Les Orthodoxes d’ici et d’ailleurs considèrent qu’ils ont le devoir de transmettre leur foi à
leurs enfants ; leur rôle est de témoigner avec les autres confessions chrétiennes le Royaume,
dans un monde de plus en plus matérialiste, sans vrai horizon spirituel et qui s’éloigne
souvent de l’Évangile. Ils pensent contribuer ainsi à restaurer l’unité des Chrétiens, unité pour
laquelle les Orthodoxes, et surtout leurs moines, n’ont pas cessé de prier depuis des siècles à
chaque service religieux.

L’Église orthodoxe, tout en préservant la stabilité de son ecclésiologie traditionnelle et le


respect des dogmes fondateurs du christianisme - et justement pour appliquer leur
enseignement - est également présente dans le monde moderne. Depuis qu’elle est redevenue
libre après la chute du communisme en Europe, elle s’implique de plus en plus dans les
œuvres sociales, notamment vis-à-vis des plus démunis (à l’Est comme à l’Ouest), et
intervient avec force auprès de plus hautes instances nationales et internationales dans les
débats majeurs concernant la paix, l’écologie et la bioéthique, par des prises de position
appréciées, respectées et souvent appliquées.

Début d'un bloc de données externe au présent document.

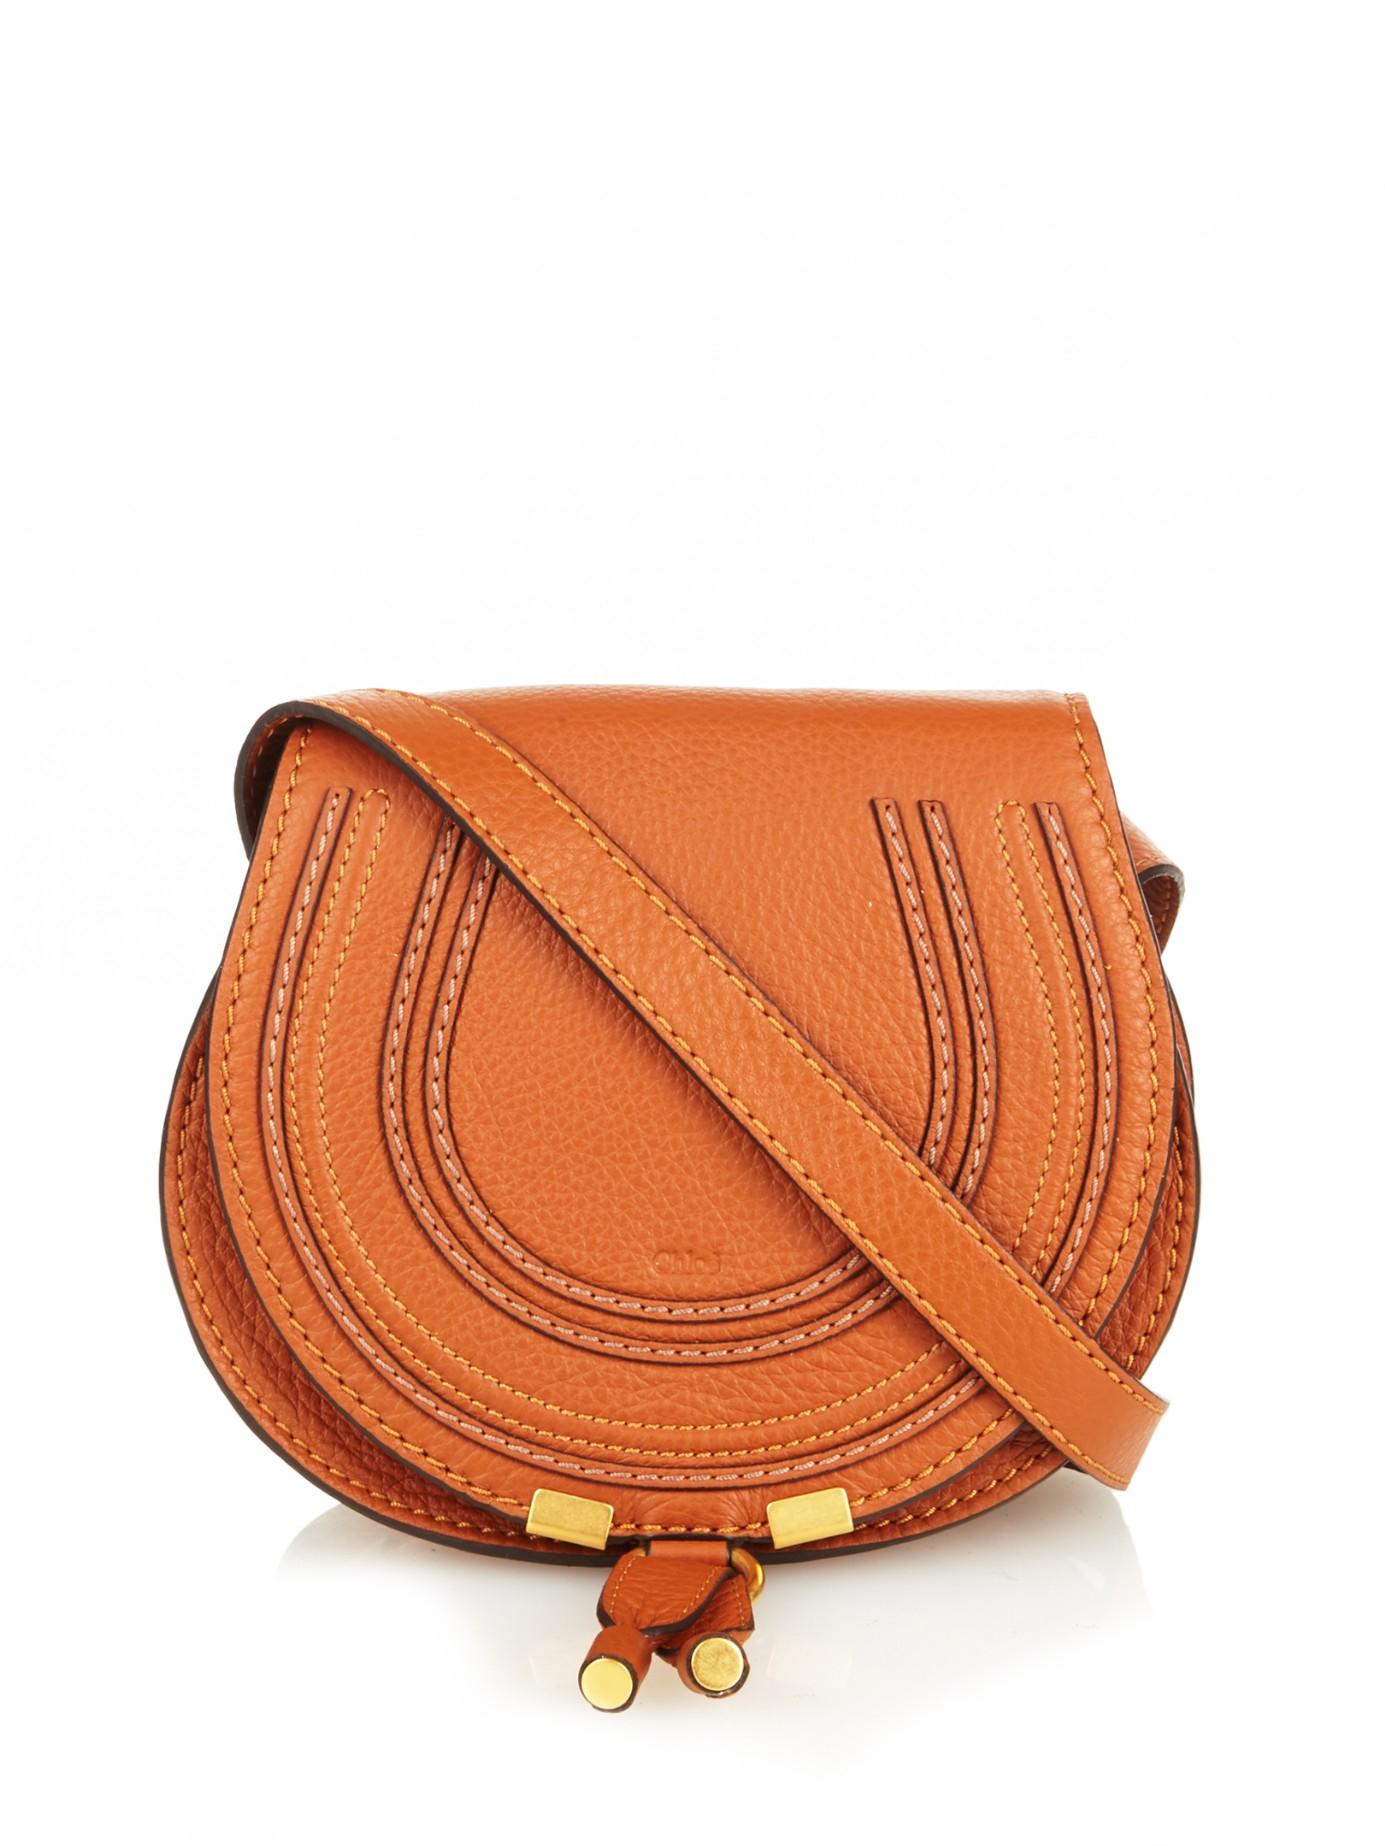 chloe marcie small leather crossbody bag

L’Église orthodoxe ne se confond avec aucun système philosophique, politique ou


économique. Elle annonce le Royaume de Dieu. Les fidèles sont loyaux envers l’État, mais
leur soumission n’est pas servile. Ils dénoncent tout ce qui nuit à la personne et n’ont d’autre
programme à annoncer que l’Évangile lui-même.